一方、東の横綱に君臨したのは「きのどくな」だ。これは「ありがとう」という意味で、「こんなにしてくれて申し訳ない」が転じて、感謝を表現する言葉になったもの。決して「お気の毒さま」と、気の毒がっているのではないのでご注意を。
かわいらしくてキュンとする富山弁の語尾
富山弁は某テレビ番組の調査で、「男性がキュンとする女性の方言ランキング」で2位を獲得したことがある。その理由はどうも語尾にあるらしい。富山弁では語尾に「~ちゃ」をつける。「いいよ」は「いいちゃ」、「がんばるよ」は「がんばるちゃ」となり、確かにかわいらしい。
同じく語尾で興味深いのは「~れ」「~られ」の表現。「来てね」は「来られ」、「食べて」は「食べられ」というように、尊敬や親しみをこめて声をかける時に使う。これも優しさがこもった言い方で、かわいらしい方言と言えるだろう。
富山のある社長さんは、「富山弁で社員をしかると、かえって場が和んでしまう」と言う。確かに「営業先にすぐ行ってこい」が富山弁では「営業先にすぐ行ってこられ」となるため、迫力に欠ける感はある。しかし、和やかな雰囲気で仕事ができるのは富山弁のおかげという部分もあり、多くの県民は富山弁を気に入っているようだ。
語尾はそれぞれの方言の特徴がよく出る部分。富山県民は、旅行や帰省で富山に帰る電車内での会話に「~ちゃ」「~られ」の語尾が増えるにつれ、「ふるさとに帰ってきたなぁ」と安心感を覚えるそうだ。
食べ物の呼び名「グジ」と「サス」って何のこと?
日本海と立山連峰に囲まれた富山は、食の豊かな土地だ。そのため食べ物に関する独特の表現が多い。番付表の一番下の段には、食べ物に関する方言がまとめられている。例えば、富山を代表する海の幸「ホタルイカ」は、「マツイカ」「コイカ」などと呼ばれる。また、「アマダイ」は「グジ」、「カジキマグロ」は「サス」と言う。

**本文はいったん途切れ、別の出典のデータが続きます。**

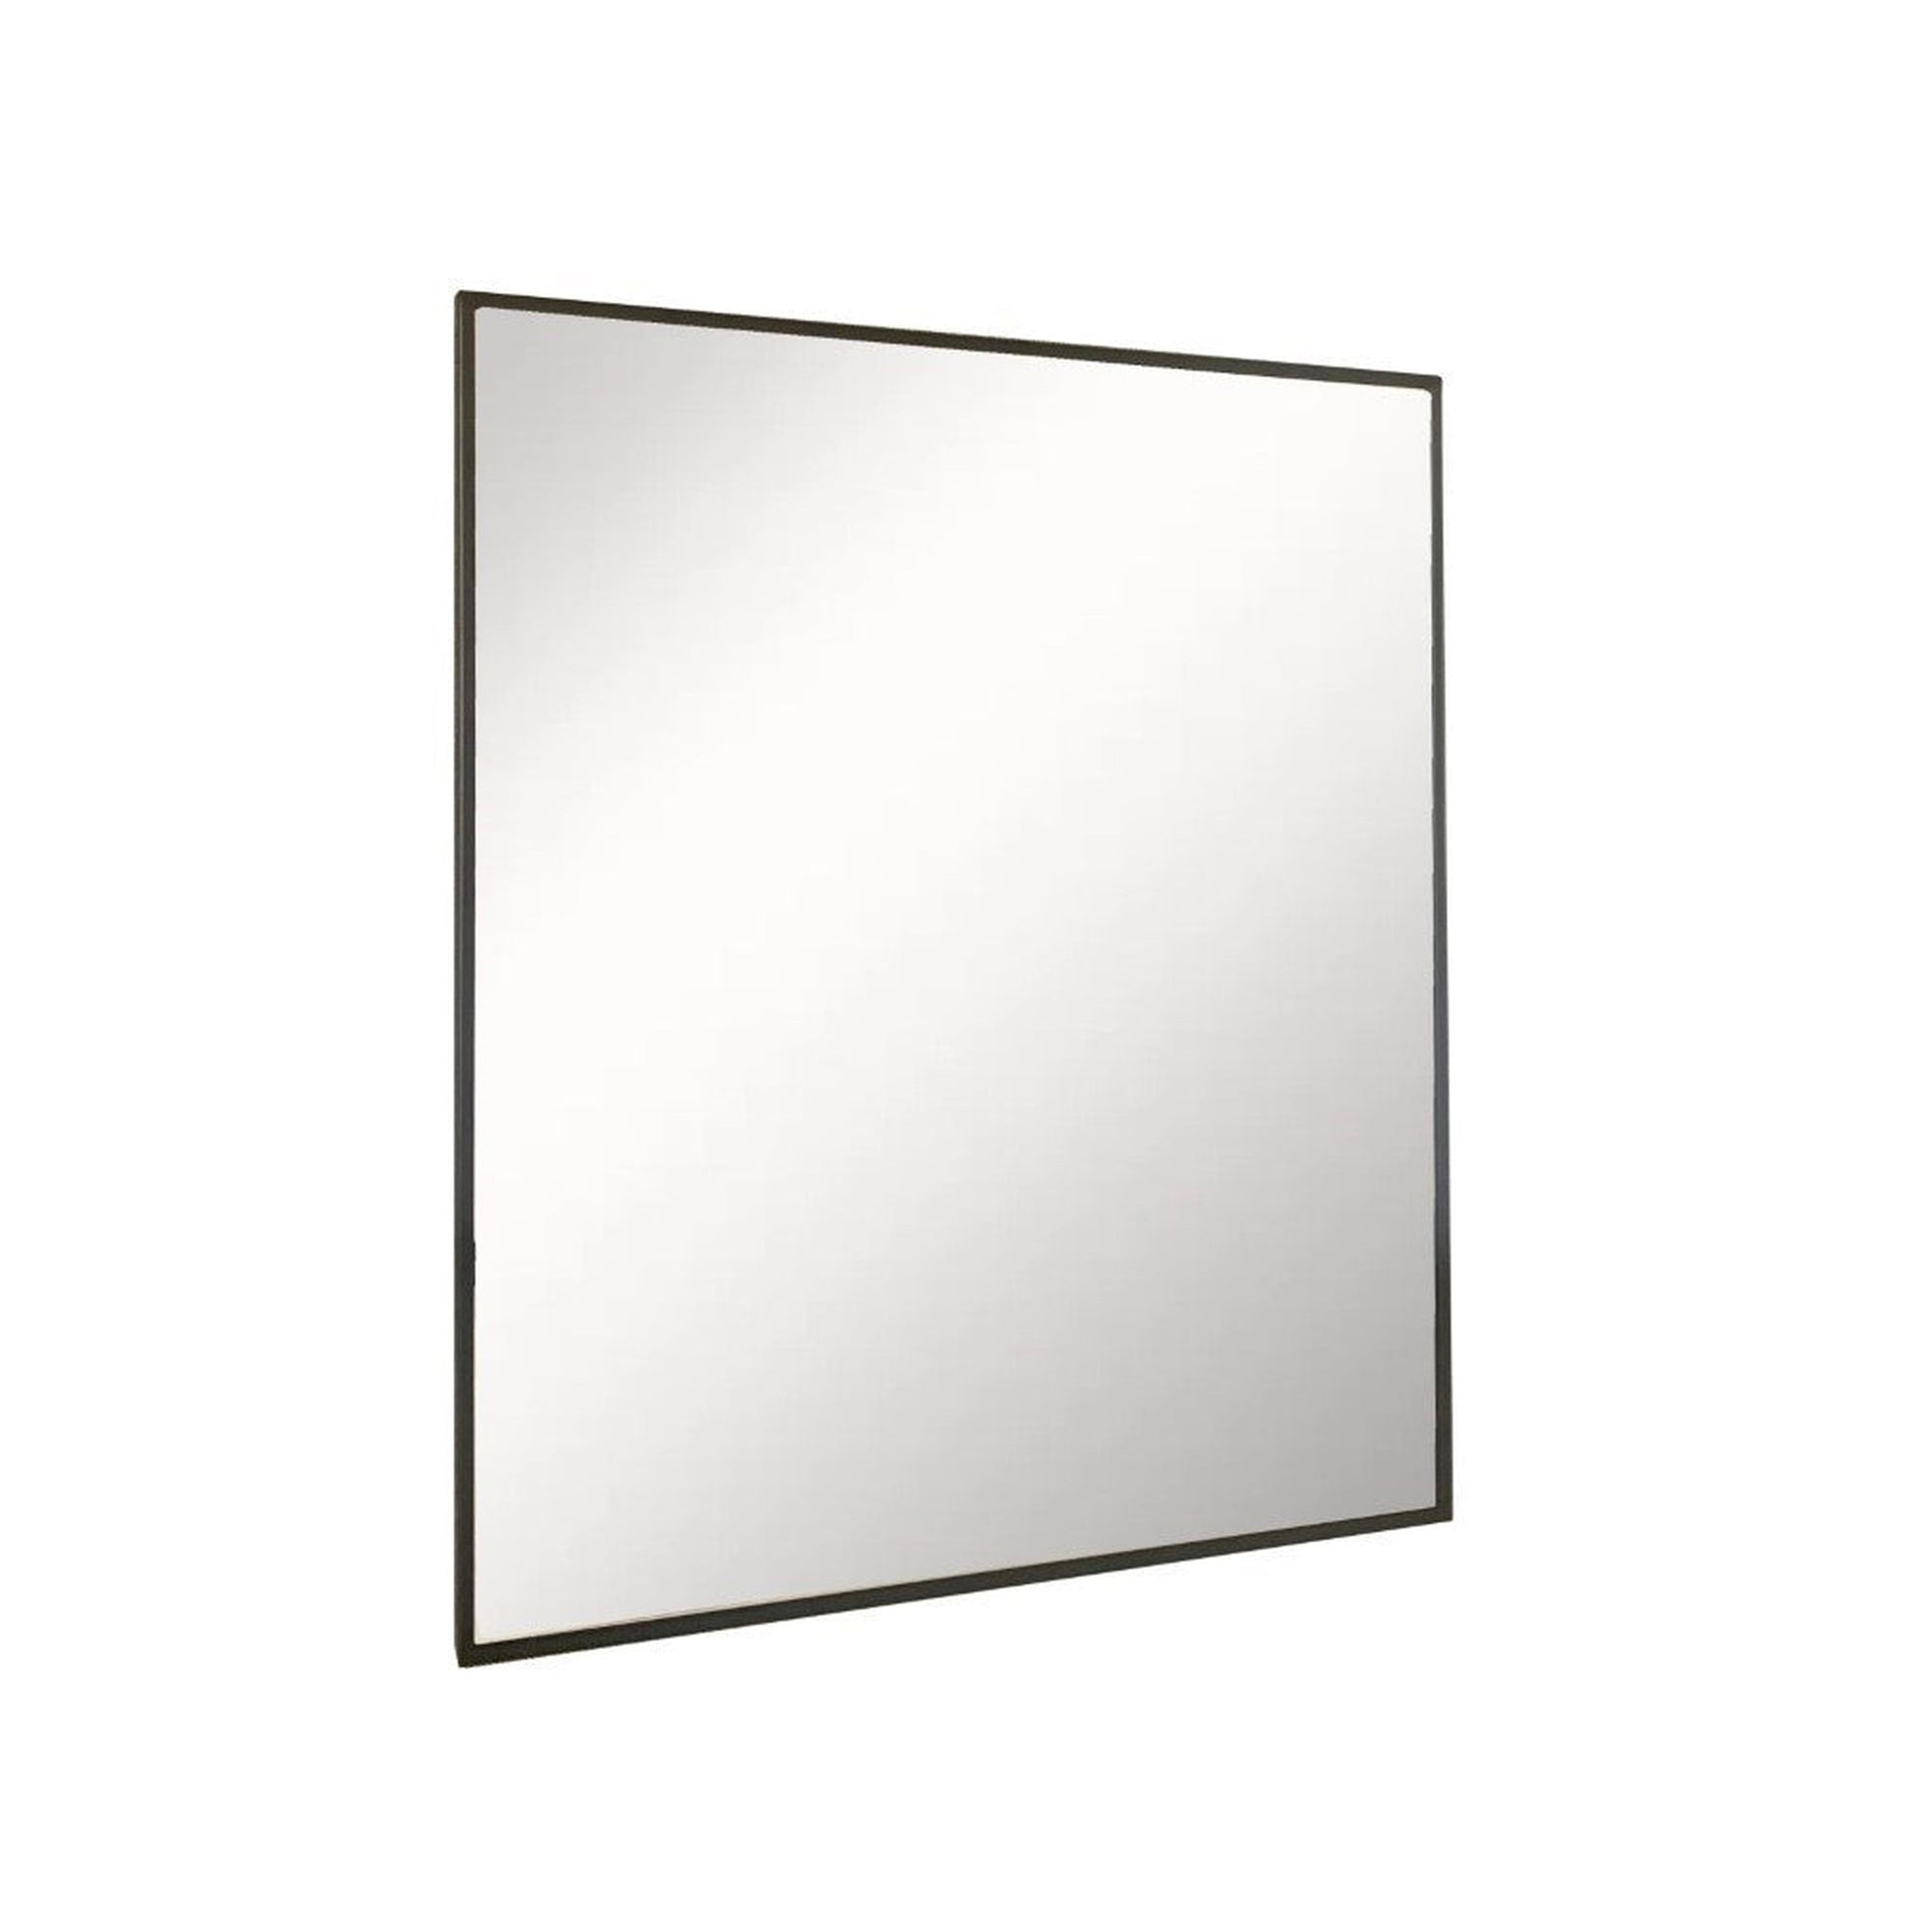 Bellaterra Home 24" x 28" Black Rectangle Wall-Mounted Steel Framed Mirror With Straight Edges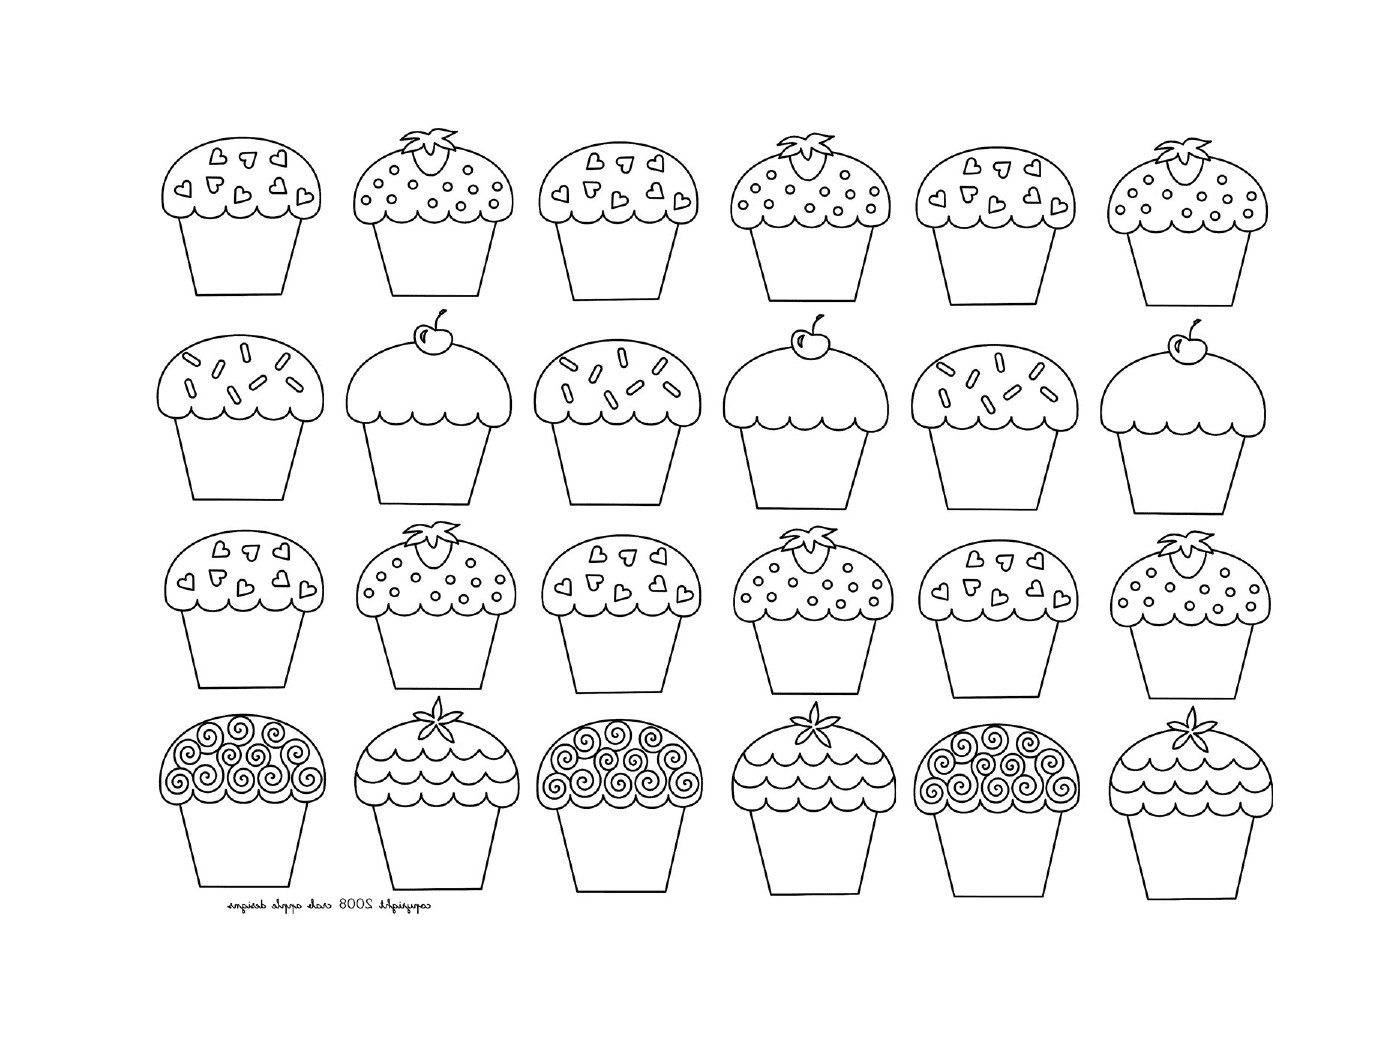  A mosaic of children's cupcakes, of different types

いずれも富山県内のスーパーやおすし屋さんでは、普通に使われている。あまりになじんでいるため、「グジ」や「サス」が富山弁だと気づかずに使っていたという県民も多い。逆にいうと、観光客には何のことだか分からないこともあり得るので、これから富山に行く人は覚えておいて損はないだろう。
知らないとビックリしてしまう独特の富山弁も
比較的穏やかで耳なじみのいい富山弁だが、初めて耳にする人はビックリしてしまうような言葉もある。
例えば「だいてやる」という言葉。富山では、上司が部下に「だいてやるわいや」なんて言っている光景がよく見られるが、これは「(お金を)出してやる」が変化した、「おごってあげる」という意味の方言。決して「抱いてやる」とセクハラ発言しているわけではないので、言われても怒らないように。
それ以上にビックリしてしまいそうなのが、番付では西の前頭に入っている「おちんちんかく」。これは決していやらしい言葉ではなく、子どもなどに対して「おとなしく正座していなさい」という意味で使われる。「鎮座」が変化してこのような表現になったようだ。
とはいえ、現在そのまま使う人は少なく、少し短くした「ちんとしてなさい」という表現を使う人が多いそうだ。
日本列島のほぼ真ん中に位置する富山県の方言は、関西の影響を受けつつ、地元の風土や食文化を反映した独特の言葉だ。その語源や使い方を考えてみると、富山の人たちの優しさや気遣い、地の物に対する愛情などが感じられ、富山のいろいろな面が見えてくる。
この「富山県方言番付表」は県内観光スポットなどに貼ってある他、富山駅内の道の駅や観光スポットなどで、1枚100円で販売されている。富山商工会議所によると、このようにたくさんの方言を集めた番付というのは全国的にも珍しいため、発行から6年たった今でも問い合わせが多いそうだ。
富山に足を運んだ時には、地元の人たちの会話などにもぜひ耳を傾けて、温かくて興味深い富山弁を感じてほしい。